Async communication helps a lot to maintain things loosely coupled in MS architecture. They also improve the availability since the broker buffers the message till the consumer is able to process them

Messaging : Kafka, Rabbit MQ

Protocol Format Exchange

  • TEXT : XML, JSON, YAMLS (human readable and easy to process)
  • Binary : gRPC (more compact)

APIs and Contracts

  • Each MS need to publish a contract containing the set of services on what is available and how to invoke them
  • Depending on the protocol that we are using we will be using WSDL or Swagger
  • To suit multiple devices and needs, you can also have multiple API’s and different device specific contracts

Distributed Services

Service Registry

  • It is a phone book of services with their locations, letting clients look up services by their logical names.
  • We can hardcode the hostnames and their ports, but that’s not reliable. To make our app more reliable and scale up for more instances, we need Service Registry
  • Each service on start does a self registration to keep the registry uptodate for later lookup
  • Eureka, Zookeeper, Consul

CORS

  • Cross Origin Resource Sharing
  • We can only interact with documents on the same server as the current service
  • Origin = protocol + server + port
  • In MS, we deploy each service in different server’s, so this is a problem
  • Need to resolve by using the HTTP Headers “Access-Control-Allow-Origin”
  • TODO: Are we not relaxing security here? Is this the right thing to do?

Circuit Breaker

  • When we make service chaining (calling multiple services) and when one of the service is down, it leads to a cascade of failure and we call it “Domino Effect”
  • One failure in one system can lead the whole system to fail.
  • We resolve it by invoking a proxy that deviates the calls if it see failure more than a threshold
  • After timeout, it starts allowing calls or reintroducing traffic in limited numbers till the flowthrough is high.
  • TODO: Where will it deviate during failure? what will happen to the user action?
  • Hystrix, JRugged

Gateway

  • Can be used for resolving cross-cutting concerns like security
  • Acts as the single entry point to the service
  • Can handle authorization and authentication here rather than being duplicated in each service call.
  • Unified Interface
  • Can handle API Translation
  • Zuul, Netty, Finagle

Security

Security

  • Not specific to MS, this is the per-requisite for all now
  • Identify and Access Management system can be delegated to take care of authorization and authentication
  • Gateway can take care of this and with Single Sign-On, individual services need to replicate the same.
  • authentication protocols : Kerberos, OpenID, OAuth 2.0, SAML
  • IAM: Okta, Keyclock, Shiro

Access Token

  • it securely stores information about a user and is then exchanged between services
  • helps to communicate the identity of the requester between services without the need to re-authenticate every time.
  • just need to verify the token and see if the user is authorized for the operation (without the need to authenticate)

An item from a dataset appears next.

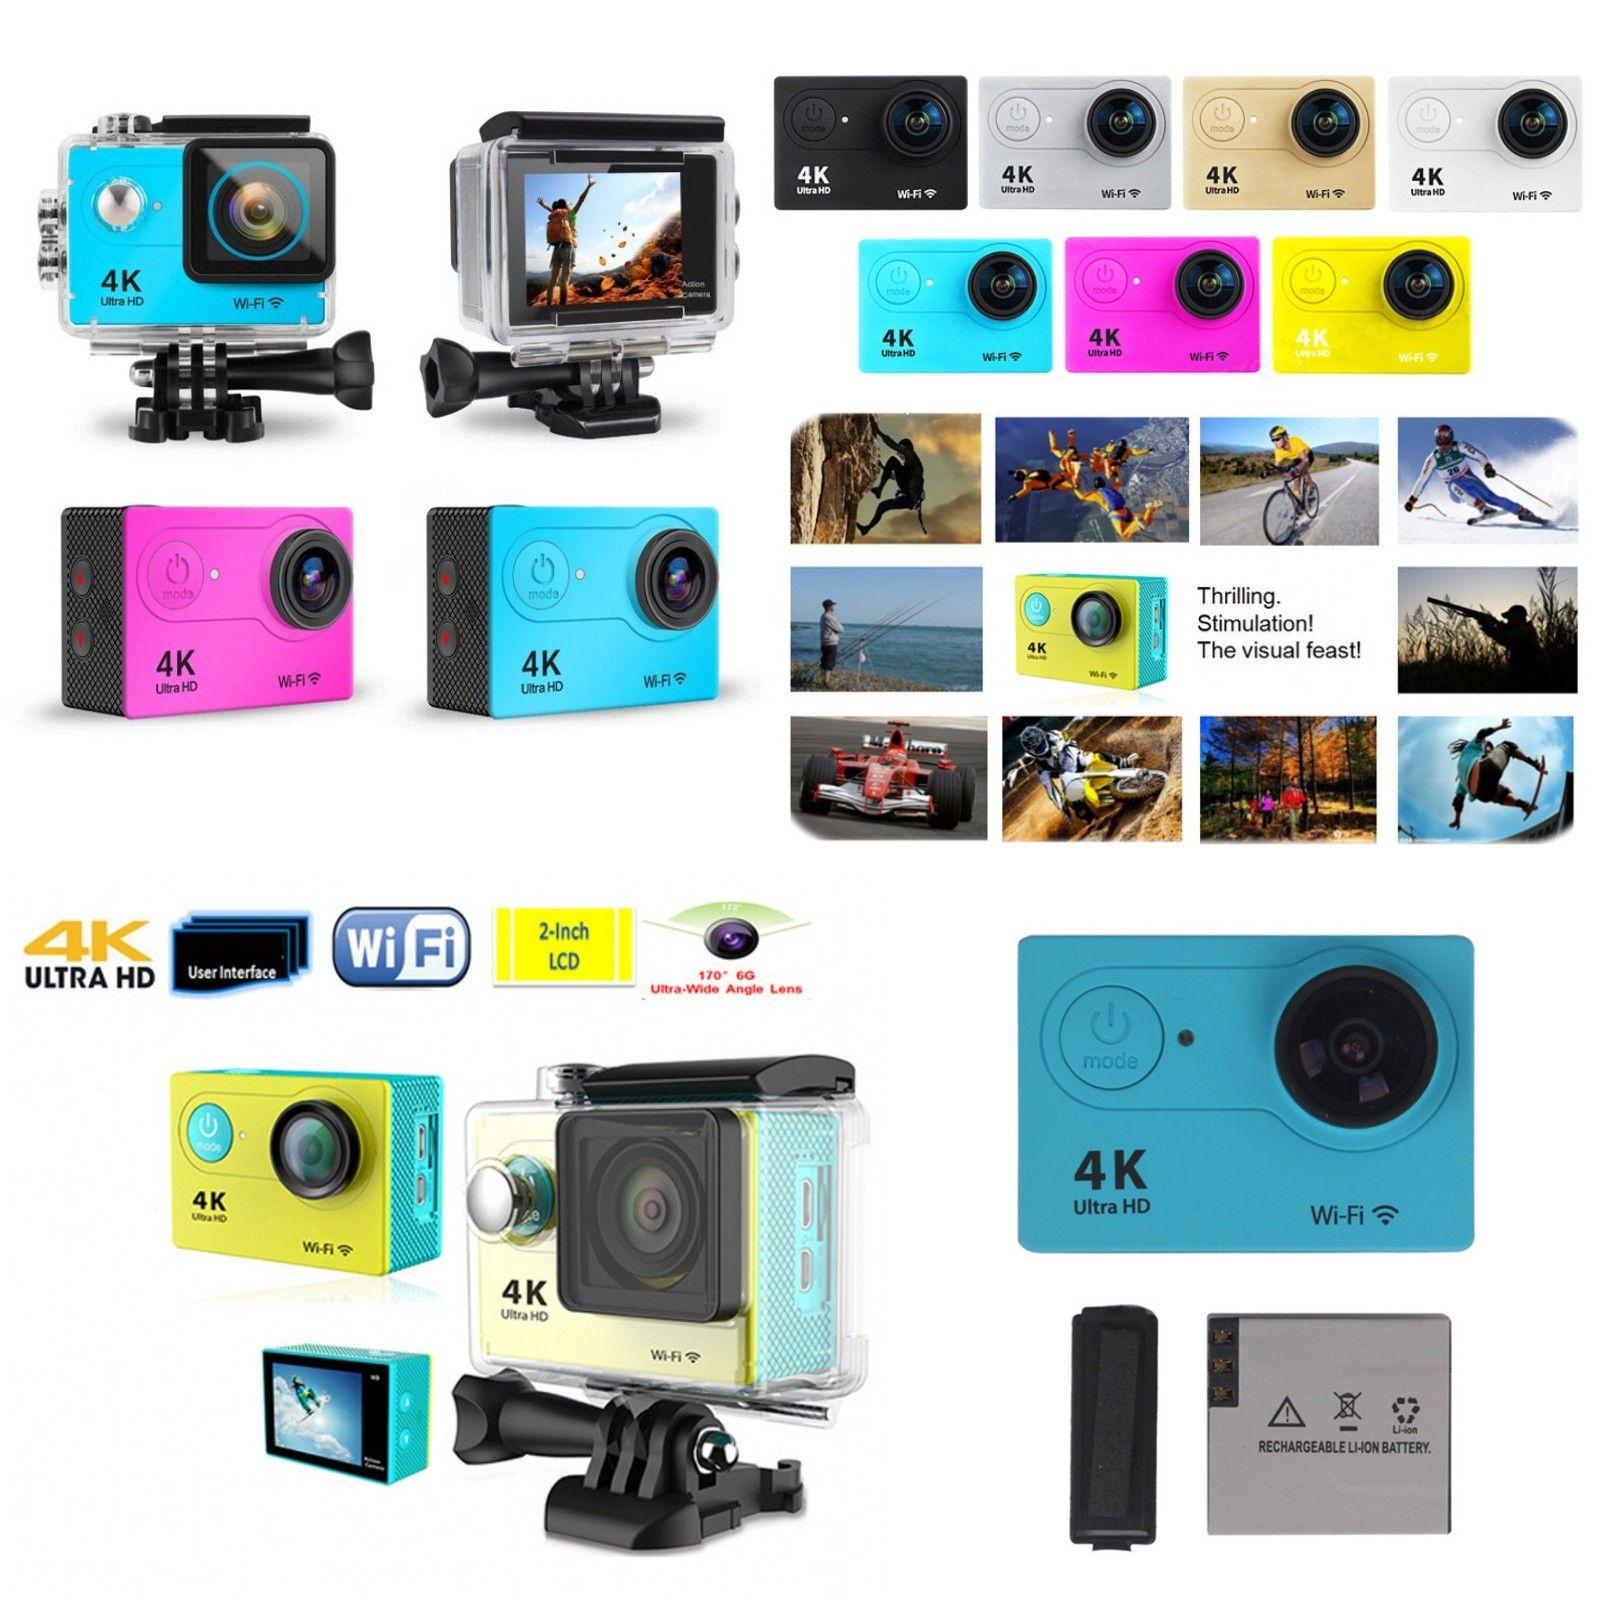 "Ultra Full HD 4K Action Camera 30m Waterproof DVR 2"" Screen 1080P 12MP Remote Control Sport WIFI Extreme Helmet Camcorder Car Cam DV"

Scalability and Availability

Scalability

  • Vertical Scaling : More CPU and RAM (i think is this used for monolithic, this is also the CON of monolothic)
  • Horizontal Scaling : Service Replication across multiple servers. This is where load balancer comes into picture.
  • Ribbon, Meraki

Monitoring

Monitoring

  • Many moving parts and machines to monitor
  • Needs to be centralized
  • Good to be Visual
  • Kibana, Grafana, splunk

Health Check

  • service could be running but incapable of handling requests, due to connection issues?
  • need a health check API to perform various checks
  • the health check is similar to heart beat and can be called periodically.

Log Aggregation

  • Helps to analyze and search the logs with more end-end infor
  • logStash, Splunk, PaperTrail

Availability

  • probability for the system to be available at a given time.
  • apps are usually 99.999% available.
  • Single Point of Failures like a single Gatway, a single broker or a single IAM could bring the whole system down

TODO: Check on Dapper, HTrace, Zipkin for Distributed Tracing

Deployment

  • Metrics
  • Auditing
  • Rate limiting (to save from DDos attacks)
  • Alerting
  • Distributed Tracing (correlation id and chain of calls)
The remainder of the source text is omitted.